(Stored data entries)

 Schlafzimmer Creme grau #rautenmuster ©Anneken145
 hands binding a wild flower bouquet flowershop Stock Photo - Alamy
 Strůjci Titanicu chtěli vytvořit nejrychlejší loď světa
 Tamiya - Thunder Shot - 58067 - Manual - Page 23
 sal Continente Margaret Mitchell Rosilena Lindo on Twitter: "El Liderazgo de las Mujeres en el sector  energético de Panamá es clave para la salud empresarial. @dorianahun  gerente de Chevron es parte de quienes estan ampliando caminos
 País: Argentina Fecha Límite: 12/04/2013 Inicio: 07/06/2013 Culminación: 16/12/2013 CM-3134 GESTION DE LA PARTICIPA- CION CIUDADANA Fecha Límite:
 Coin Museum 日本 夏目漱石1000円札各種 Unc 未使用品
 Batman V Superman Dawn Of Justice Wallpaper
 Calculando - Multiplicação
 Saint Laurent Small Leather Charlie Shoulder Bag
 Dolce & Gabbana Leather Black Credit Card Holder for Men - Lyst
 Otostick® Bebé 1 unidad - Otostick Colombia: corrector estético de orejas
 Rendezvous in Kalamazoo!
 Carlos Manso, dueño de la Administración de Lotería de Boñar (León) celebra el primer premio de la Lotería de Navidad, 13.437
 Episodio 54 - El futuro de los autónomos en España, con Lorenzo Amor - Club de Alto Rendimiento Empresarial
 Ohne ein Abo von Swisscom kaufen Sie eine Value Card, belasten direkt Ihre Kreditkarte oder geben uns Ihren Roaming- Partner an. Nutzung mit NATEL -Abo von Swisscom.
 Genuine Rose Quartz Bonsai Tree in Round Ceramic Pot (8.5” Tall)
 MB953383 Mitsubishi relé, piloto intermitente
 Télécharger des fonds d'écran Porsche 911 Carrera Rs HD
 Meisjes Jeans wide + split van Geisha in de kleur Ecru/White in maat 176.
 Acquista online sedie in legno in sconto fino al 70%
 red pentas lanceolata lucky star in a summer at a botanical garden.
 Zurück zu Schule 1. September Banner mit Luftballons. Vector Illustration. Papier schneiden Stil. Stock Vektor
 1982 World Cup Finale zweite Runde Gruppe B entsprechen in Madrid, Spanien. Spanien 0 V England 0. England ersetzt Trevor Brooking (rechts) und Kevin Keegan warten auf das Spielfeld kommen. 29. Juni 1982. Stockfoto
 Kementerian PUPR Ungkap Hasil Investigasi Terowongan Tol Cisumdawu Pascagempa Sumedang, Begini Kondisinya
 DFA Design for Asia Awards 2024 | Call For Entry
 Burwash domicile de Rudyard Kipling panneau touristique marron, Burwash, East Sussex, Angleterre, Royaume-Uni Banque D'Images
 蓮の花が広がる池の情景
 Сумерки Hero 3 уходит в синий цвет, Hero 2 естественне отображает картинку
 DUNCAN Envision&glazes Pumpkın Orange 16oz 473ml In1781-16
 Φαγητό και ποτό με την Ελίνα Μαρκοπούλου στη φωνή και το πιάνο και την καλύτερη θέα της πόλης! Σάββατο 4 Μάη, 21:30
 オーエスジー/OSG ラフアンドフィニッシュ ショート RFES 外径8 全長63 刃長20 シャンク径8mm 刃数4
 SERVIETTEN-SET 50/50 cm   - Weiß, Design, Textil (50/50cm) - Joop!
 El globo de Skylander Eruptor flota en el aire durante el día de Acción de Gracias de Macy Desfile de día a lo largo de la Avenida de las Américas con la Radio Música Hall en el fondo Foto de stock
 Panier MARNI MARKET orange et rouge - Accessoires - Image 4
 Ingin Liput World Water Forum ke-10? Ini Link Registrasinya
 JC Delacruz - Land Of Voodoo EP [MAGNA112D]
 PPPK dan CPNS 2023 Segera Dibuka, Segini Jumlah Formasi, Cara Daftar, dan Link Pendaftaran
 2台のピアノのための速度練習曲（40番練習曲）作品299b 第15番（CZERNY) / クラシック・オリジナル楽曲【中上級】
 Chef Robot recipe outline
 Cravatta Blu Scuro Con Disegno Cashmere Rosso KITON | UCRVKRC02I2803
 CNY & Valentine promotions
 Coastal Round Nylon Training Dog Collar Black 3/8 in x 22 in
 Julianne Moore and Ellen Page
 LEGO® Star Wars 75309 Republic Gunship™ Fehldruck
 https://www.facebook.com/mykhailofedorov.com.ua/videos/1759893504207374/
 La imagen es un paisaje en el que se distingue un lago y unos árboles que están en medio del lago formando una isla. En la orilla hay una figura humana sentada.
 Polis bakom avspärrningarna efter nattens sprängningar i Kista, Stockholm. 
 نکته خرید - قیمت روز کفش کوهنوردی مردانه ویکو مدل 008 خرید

— EXERCISE —
All of the entries above need to be set down again exactly.

— SOLUTION FOR THIS TASK —
 Schlafzimmer Creme grau #rautenmuster ©Anneken145
 hands binding a wild flower bouquet flowershop Stock Photo - Alamy
 Strůjci Titanicu chtěli vytvořit nejrychlejší loď světa
 Tamiya - Thunder Shot - 58067 - Manual - Page 23
 sal Continente Margaret Mitchell Rosilena Lindo on Twitter: "El Liderazgo de las Mujeres en el sector  energético de Panamá es clave para la salud empresarial. @dorianahun  gerente de Chevron es parte de quienes estan ampliando caminos
 País: Argentina Fecha Límite: 12/04/2013 Inicio: 07/06/2013 Culminación: 16/12/2013 CM-3134 GESTION DE LA PARTICIPA- CION CIUDADANA Fecha Límite:
 Coin Museum 日本 夏目漱石1000円札各種 Unc 未使用品
 Batman V Superman Dawn Of Justice Wallpaper
 Calculando - Multiplicação
 Saint Laurent Small Leather Charlie Shoulder Bag
 Dolce & Gabbana Leather Black Credit Card Holder for Men - Lyst
 Otostick® Bebé 1 unidad - Otostick Colombia: corrector estético de orejas
 Rendezvous in Kalamazoo!
 Carlos Manso, dueño de la Administración de Lotería de Boñar (León) celebra el primer premio de la Lotería de Navidad, 13.437
 Episodio 54 - El futuro de los autónomos en España, con Lorenzo Amor - Club de Alto Rendimiento Empresarial
 Ohne ein Abo von Swisscom kaufen Sie eine Value Card, belasten direkt Ihre Kreditkarte oder geben uns Ihren Roaming- Partner an. Nutzung mit NATEL -Abo von Swisscom.
 Genuine Rose Quartz Bonsai Tree in Round Ceramic Pot (8.5” Tall)
 MB953383 Mitsubishi relé, piloto intermitente
 Télécharger des fonds d'écran Porsche 911 Carrera Rs HD
 Meisjes Jeans wide + split van Geisha in de kleur Ecru/White in maat 176.
 Acquista online sedie in legno in sconto fino al 70%
 red pentas lanceolata lucky star in a summer at a botanical garden.
 Zurück zu Schule 1. September Banner mit Luftballons. Vector Illustration. Papier schneiden Stil. Stock Vektor
 1982 World Cup Finale zweite Runde Gruppe B entsprechen in Madrid, Spanien. Spanien 0 V England 0. England ersetzt Trevor Brooking (rechts) und Kevin Keegan warten auf das Spielfeld kommen. 29. Juni 1982. Stockfoto
 Kementerian PUPR Ungkap Hasil Investigasi Terowongan Tol Cisumdawu Pascagempa Sumedang, Begini Kondisinya
 DFA Design for Asia Awards 2024 | Call For Entry
 Burwash domicile de Rudyard Kipling panneau touristique marron, Burwash, East Sussex, Angleterre, Royaume-Uni Banque D'Images
 蓮の花が広がる池の情景
 Сумерки Hero 3 уходит в синий цвет, Hero 2 естественне отображает картинку
 DUNCAN Envision&glazes Pumpkın Orange 16oz 473ml In1781-16
 Φαγητό και ποτό με την Ελίνα Μαρκοπούλου στη φωνή και το πιάνο και την καλύτερη θέα της πόλης! Σάββατο 4 Μάη, 21:30
 オーエスジー/OSG ラフアンドフィニッシュ ショート RFES 外径8 全長63 刃長20 シャンク径8mm 刃数4
 SERVIETTEN-SET 50/50 cm   - Weiß, Design, Textil (50/50cm) - Joop!
 El globo de Skylander Eruptor flota en el aire durante el día de Acción de Gracias de Macy Desfile de día a lo largo de la Avenida de las Américas con la Radio Música Hall en el fondo Foto de stock
 Panier MARNI MARKET orange et rouge - Accessoires - Image 4
 Ingin Liput World Water Forum ke-10? Ini Link Registrasinya
 JC Delacruz - Land Of Voodoo EP [MAGNA112D]
 PPPK dan CPNS 2023 Segera Dibuka, Segini Jumlah Formasi, Cara Daftar, dan Link Pendaftaran
 2台のピアノのための速度練習曲（40番練習曲）作品299b 第15番（CZERNY) / クラシック・オリジナル楽曲【中上級】
 Chef Robot recipe outline
 Cravatta Blu Scuro Con Disegno Cashmere Rosso KITON | UCRVKRC02I2803
 CNY & Valentine promotions
 Coastal Round Nylon Training Dog Collar Black 3/8 in x 22 in
 Julianne Moore and Ellen Page
 LEGO® Star Wars 75309 Republic Gunship™ Fehldruck
 https://www.facebook.com/mykhailofedorov.com.ua/videos/1759893504207374/
 La imagen es un paisaje en el que se distingue un lago y unos árboles que están en medio del lago formando una isla. En la orilla hay una figura humana sentada.
 Polis bakom avspärrningarna efter nattens sprängningar i Kista, Stockholm. 
 نکته خرید - قیمت روز کفش کوهنوردی مردانه ویکو مدل 008 خرید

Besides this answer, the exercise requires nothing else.